Hypothetically, targeting any PDE subtype, e.g., PDE4, expressed in the first excitatory neuron’s projections to the inhibitory interneuron as well as PDEs expressed in the inhibitory interneuron itself could enhance output of both neurons when activated by S1. Consequently, the S2-induced amplitude will be further reduced. Note, however, that PDEs expressed in the first excitatory neuron’s projections directly to the pyramidal neuron must not be enhanced since this would increase the response to S1 and therefore positively affect general auditory information processing. Roflumilast enhances sensory gating without exhibiting an effect on S1. Therefore, the effect of roflumilast is more likely to occur in the inhibitory interneurons themselves. PDE4 is indeed relatively highly expressed in brain areas associated with sensory gating (Lakics et al. 2010).

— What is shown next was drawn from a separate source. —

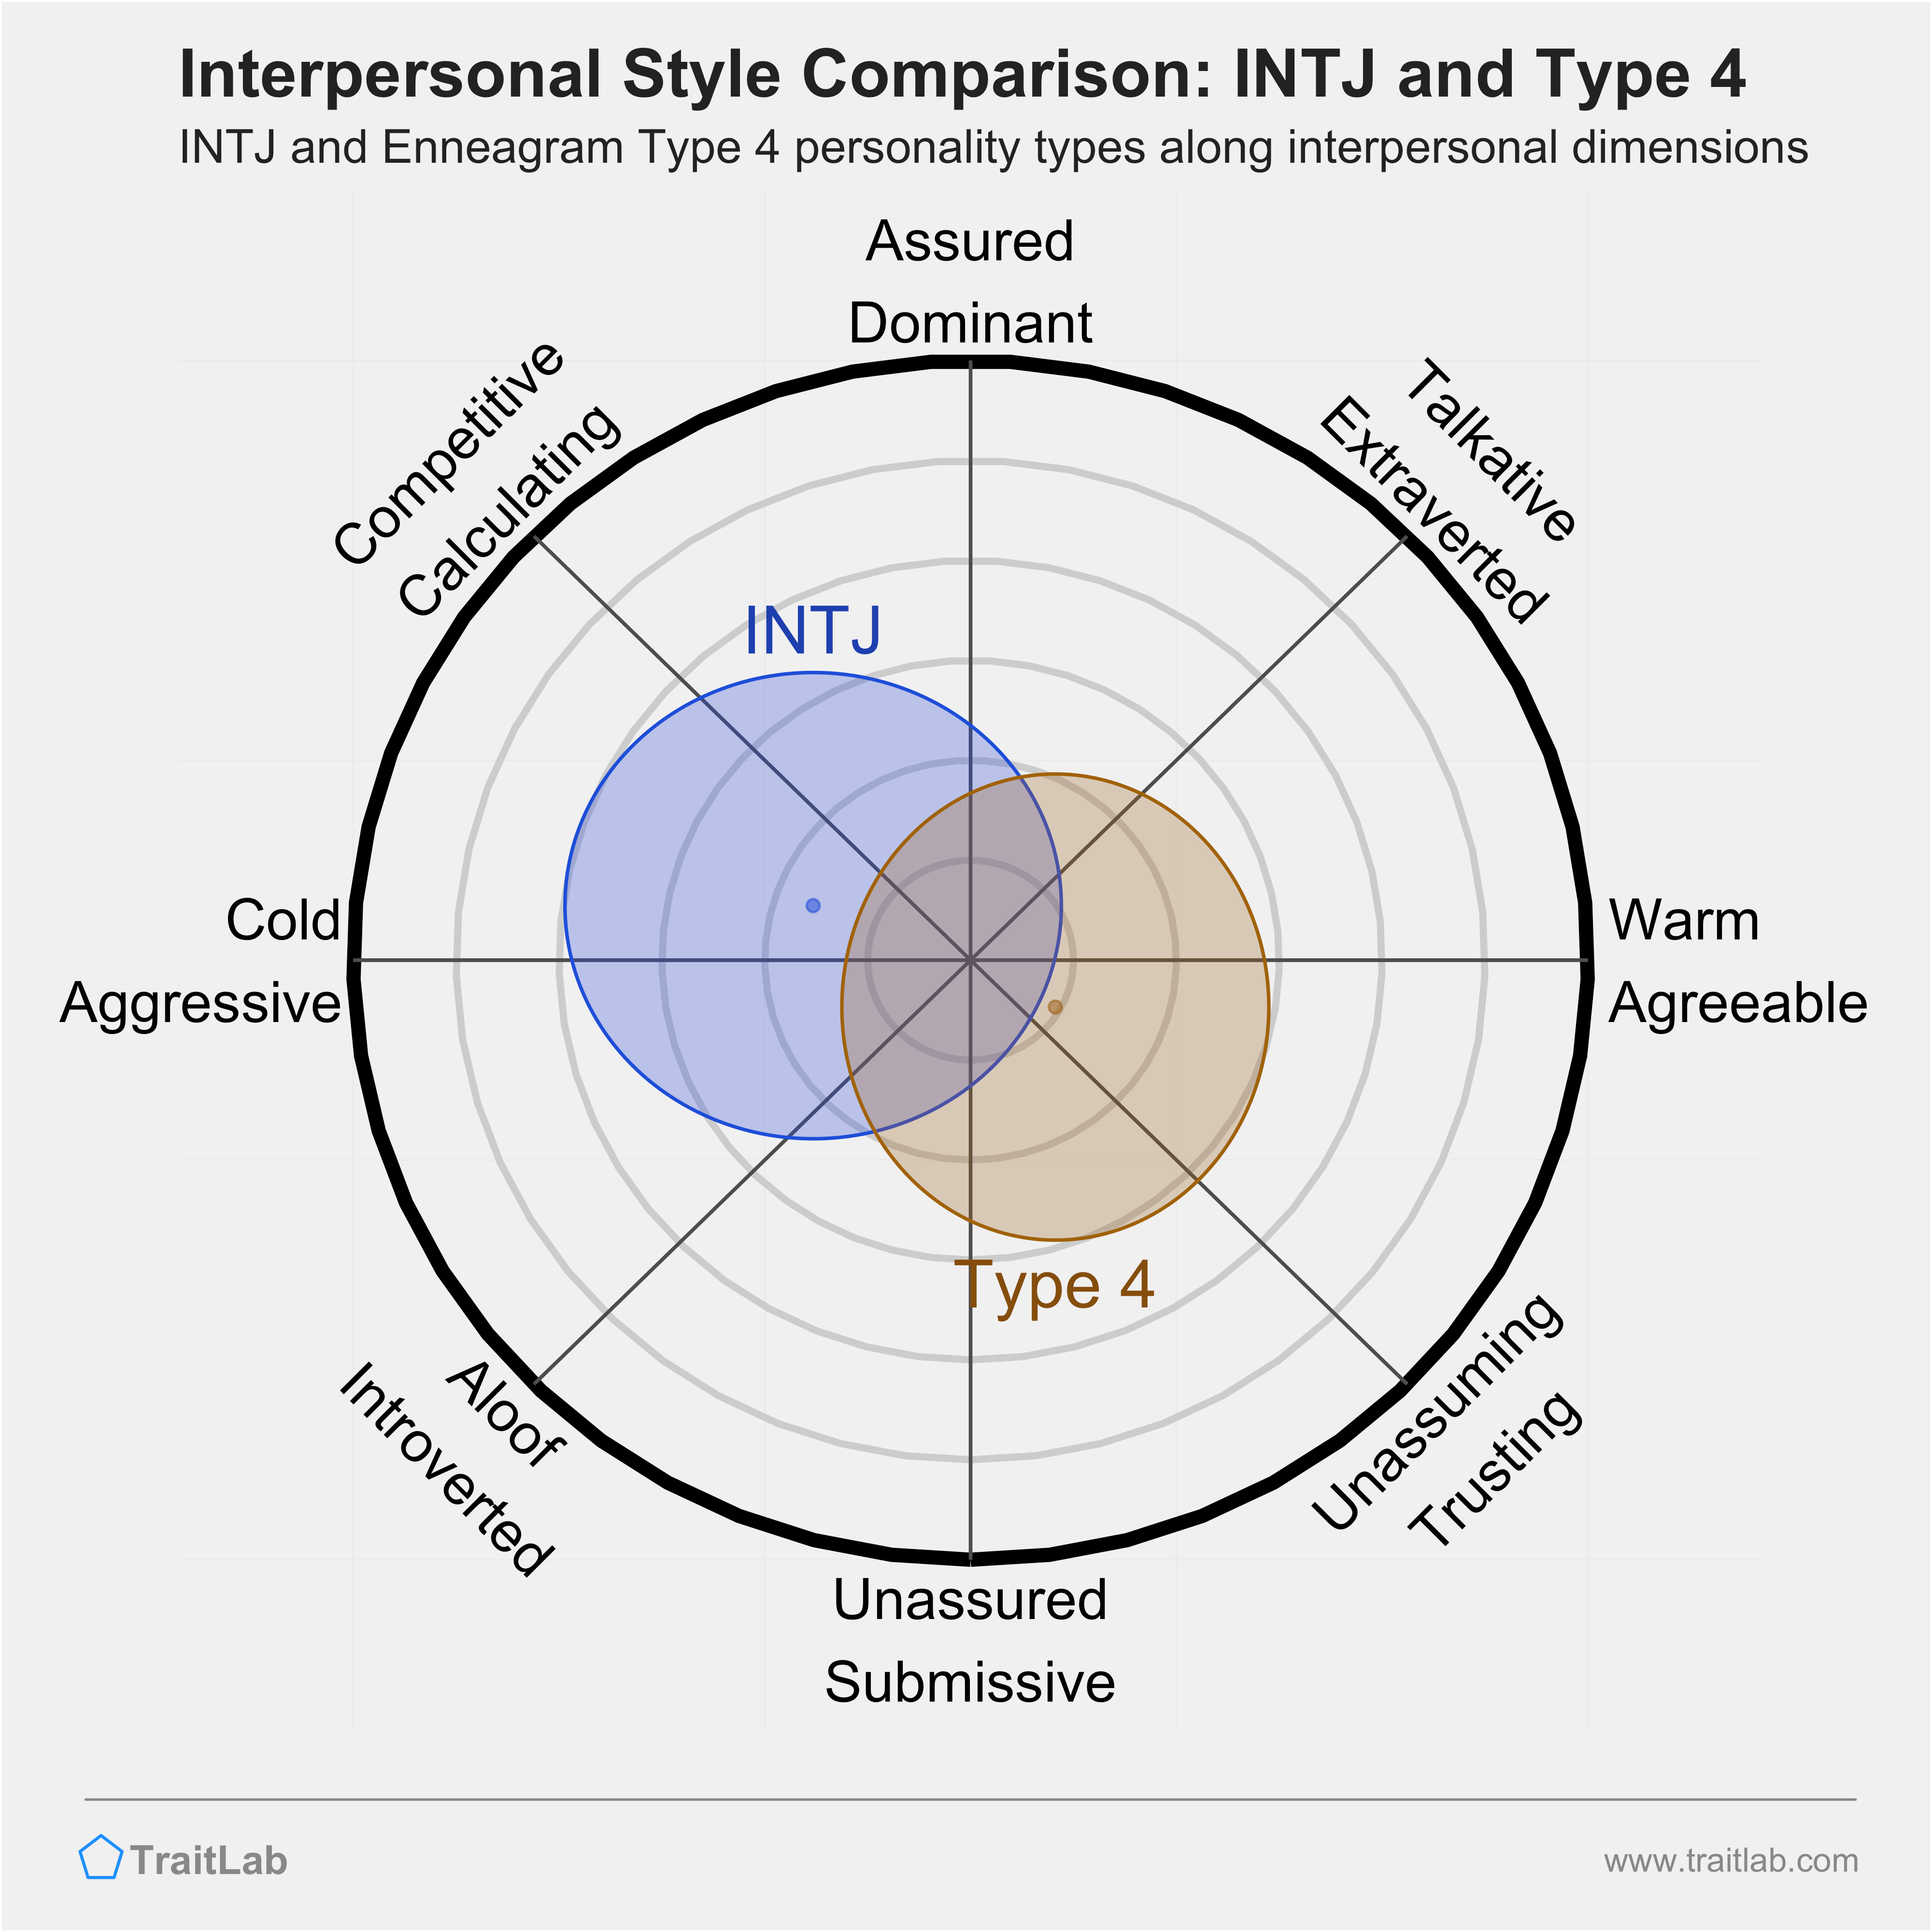 Enneagram INTJ and Type 4 comparison across interpersonal dimensions

Additionally, PDE4 inhibitors may function like D2 receptor antagonists although it needs to be determined whether this is directly beneficial for sensory gating (Heckman et al. 2017). Taken together, future studies will have to provide more insight into the mechanism by which PDE4 inhibition enhances sensory gating in healthy and pharmacologically impaired volunteers, and eventually patients. Of note, when comparing results, several translational considerations should be taken into account. For example, the site of measurement (intra-cranial in rodents vs scalp in humans), mental state (anesthetized in rodents vs awake in rodents or humans), treatment duration (acute vs chronic), and route of drug administration (mostly intraperitoneal/subcutaneous in rodents vs mostly oral in humans), but also differences in PDE4 expression and pharmacokinetic properties of the drug.

To our knowledge, this is the first study that showed enhanced sensory gating after PDE4 treatment in healthy human subjects. This may indicate that PDE4 inhibition may be relevant for this specific pre-attentive process. Of note, there is also a wealth of data that PDE4 inhibitors also improve memory functions in various animal models (e.g., Jabaris et al. 2015; Vanmierlo et al. 2016). Taken together, this may suggest that PDE4 inhibition may have widespread effects in the brain leading to improvement of different cognitive processes. On basis of the current data, we conclude that a low dose of roflumilast might be considered as a potential treatment for disorders that are characterized by impaired sensory gating.